Zoiets belangrijks  als een trouwjapon uitzoeken …Zij,ons bruidje in spe, vraagt me of ik mee wil.Ik voel me zelfs vereerd met deze uitnodiging. Natuurlijk wil ik mee,graag zelfs!We gaan er een gezellig dagje  Utrecht van maken. Als er nog tijd ‘’over’’blijft om samen wat te eten,te drinken ,maar vooral wat terug EN vooruit te blikken zou dat helemaal  een speciaal tintje aan deze escapade  geven.Ze zal wel heel wat willen zien en passen voordat ze beslist;zo is onze dochter wel.’’  Dat wordt wachten  voor me,denk ik ‘’.Maar gelijk heeft ze ..    18 mei wordt  HAAR grote dag. Over twee en een halve maand, mam, glundert ze me toe als we elkaar op het perron daar treffen.Innig gearmd wandelen we de stad in .We trotseren de geurige koffieluchten links en rechts van ons en duiken meteen  de uitnodigende zaak van ‘’Laura Ashly’’in.
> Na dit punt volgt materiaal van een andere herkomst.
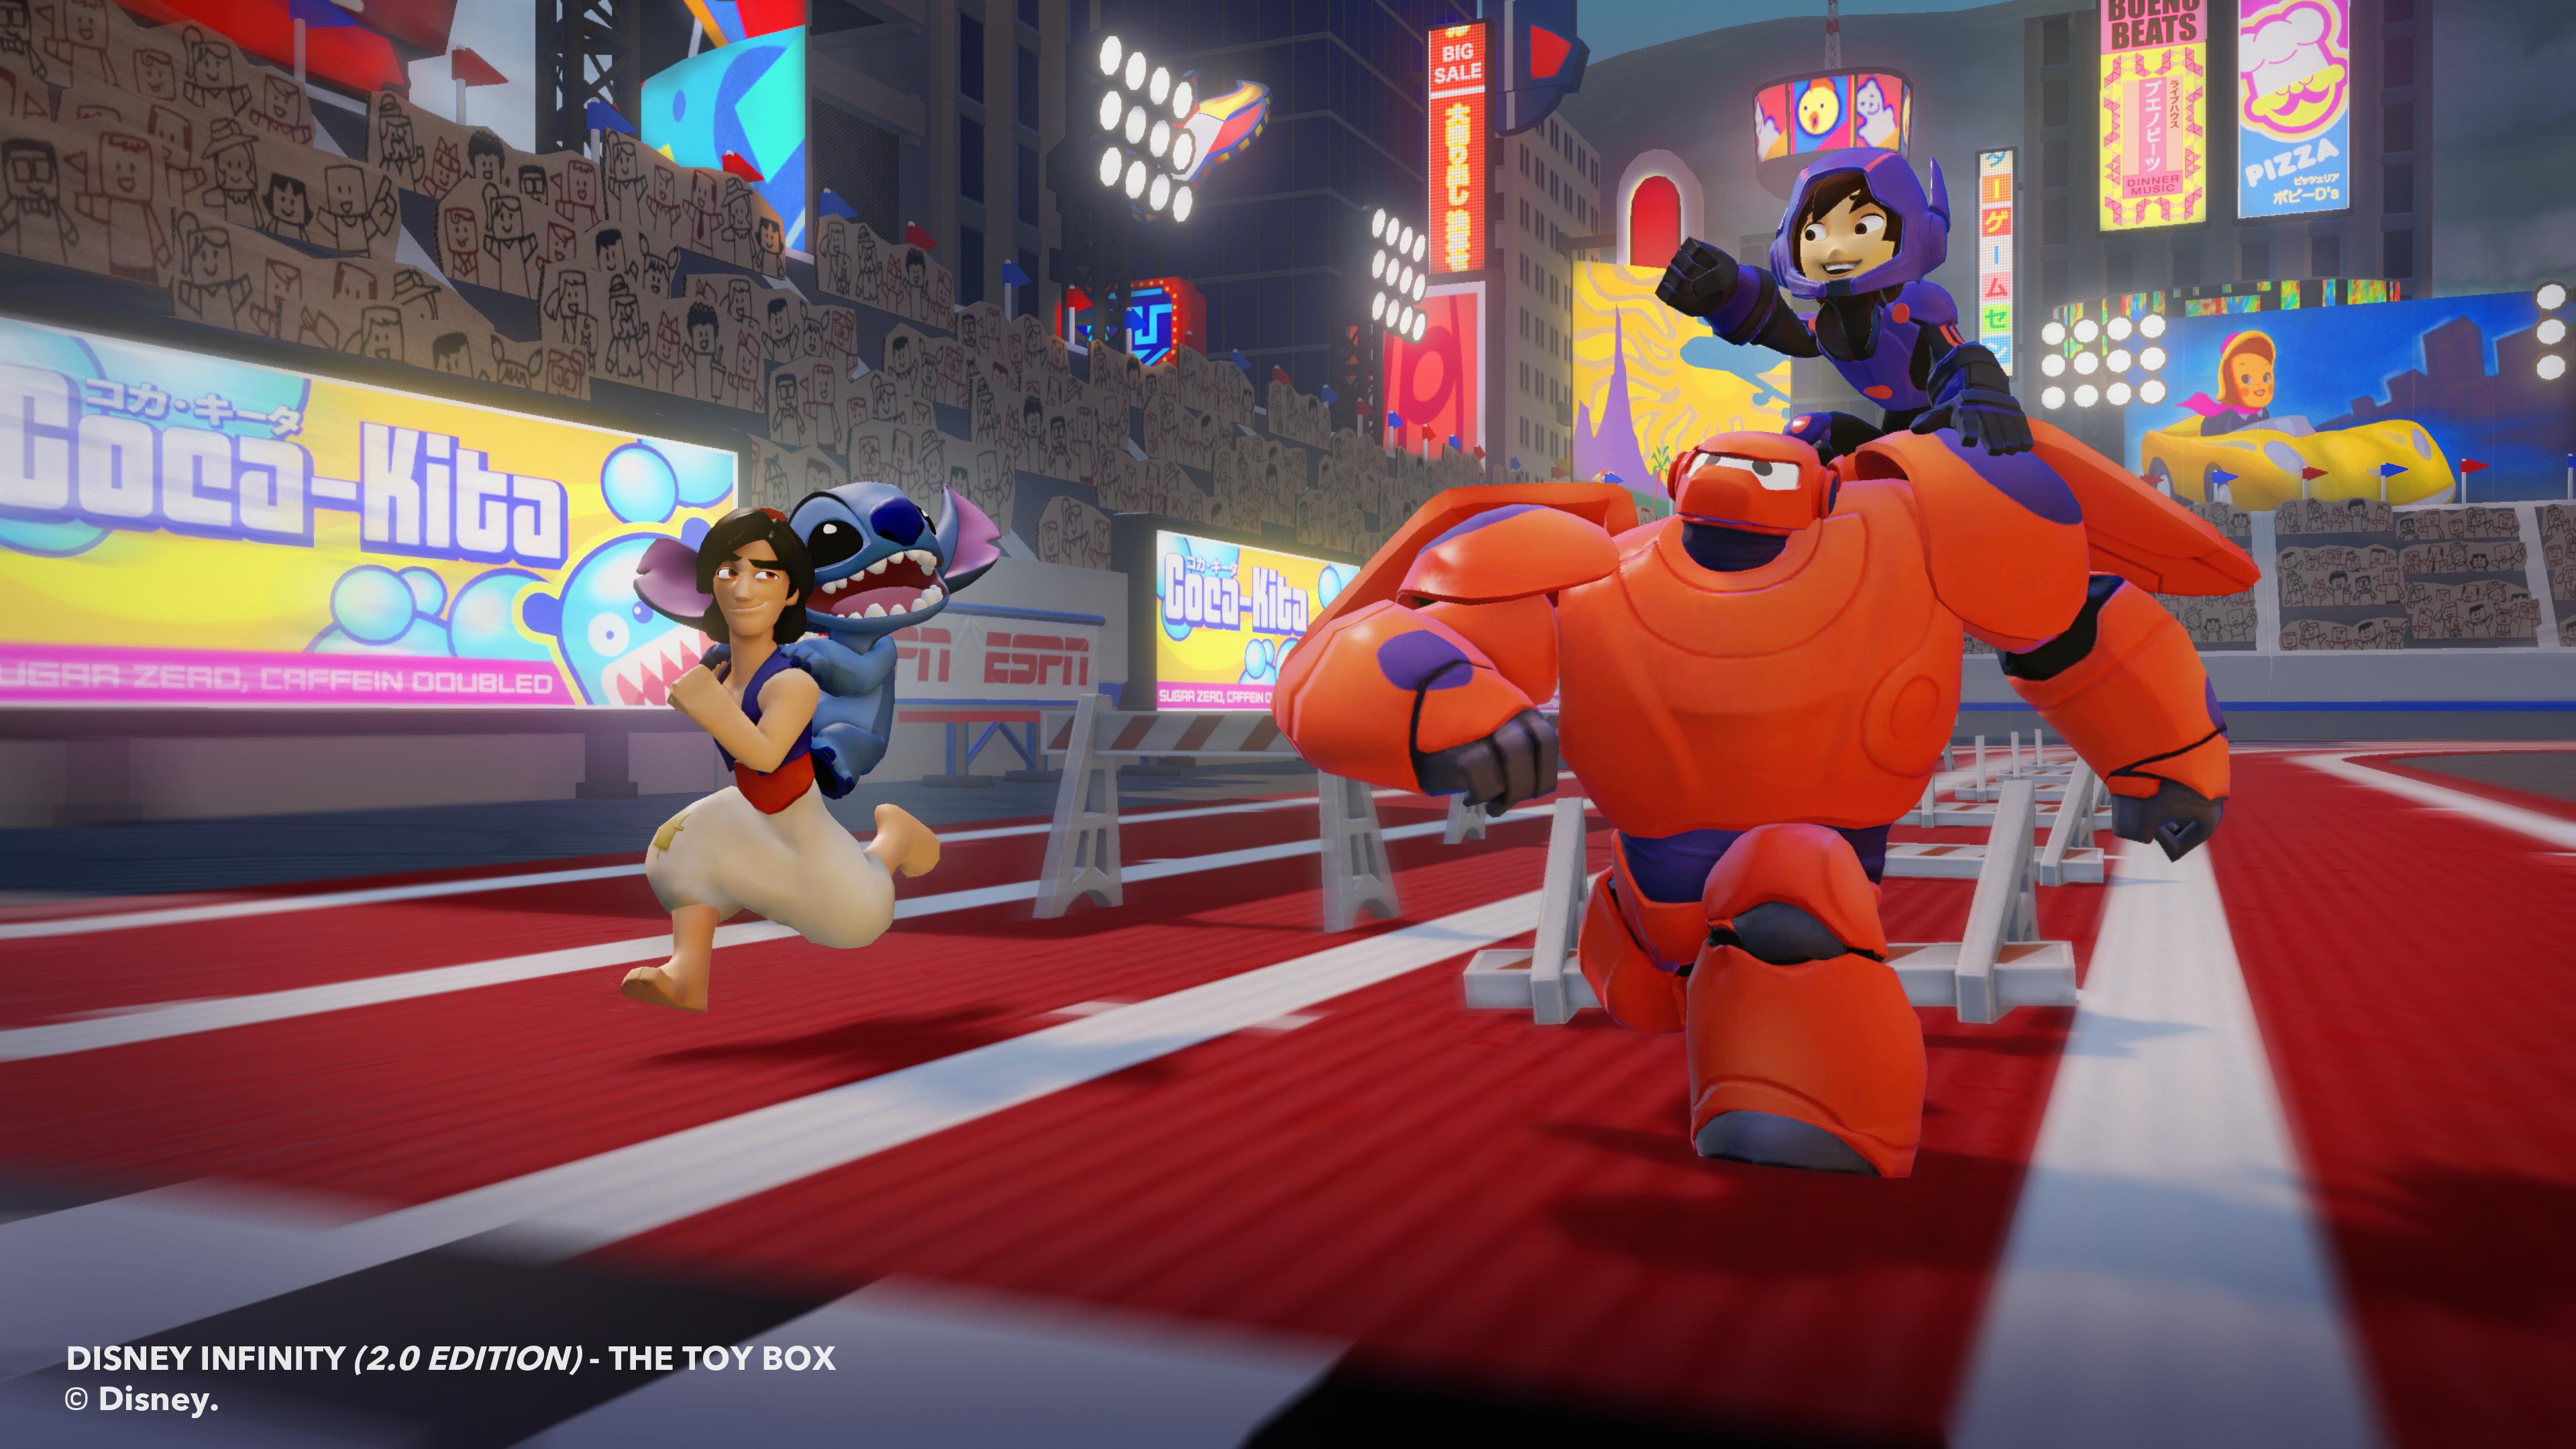 Big hero 6 disney infinity 2 0 toybox screenshots featuring hiro and

Zij ,de bruid,houdt van die stijl. Zij zoekt  ,terwijl ik bescheiden op mijn krukje gezeten, met gepaste trots naar die mooie meid kijk .Al snel komt ze met enkele  uitverkoren gewaden naar me toe’’.DEZE ,mam,  deze vind ik de mooiste’’zegt ze’’dit zou m n eerste keus zijn’’  en houdt een klassieke trouwjurk van prachtig  mat-glanzend satijn in de hoogte.Eenvoudig van snit,juist daarom heel mooi.Echt iets voor haar.’’ Ik zal ze alle drie aandoen’’zegt ze’’maar ik denk dat ik het al weet’’.Weer wachten,maar het doel heiligt de middelen.Bovendien is het leuk om haar in de uitverkoren creaties te zien showen met die glunderende snoet.Wat staat die gebroken room-witte kleur mooi bij haar  bruine,gladde huid…Haar eerste keus gaat het worden.Ze heeft beslist en…zo snel al!Wel verbaasd maar ook blij dat het nu al ‘’gelukt’’ is,sta ik op van mijn observatie-post.Met een grote feestelijke doos waarin haar schat meegaat stevenen we op de koffie af in een bruine intens gezellige kroeg.We hebben elkaar heel wat te vertellen,te vragen ,de tijd vliegt om.Vroeg in de middag besluiten we nog Hoog-Catarijne in te duiken,alvorens zij naar haar geliefde en ik naar de mijne terugkeert.Opnieuw stranden we in een gezellig cafeetje,na daar wat gewinkeld te hebben.Het blijft niet bij een kopje koffie. Als we na een poosje op het station arriveren is het daar opvallend druk.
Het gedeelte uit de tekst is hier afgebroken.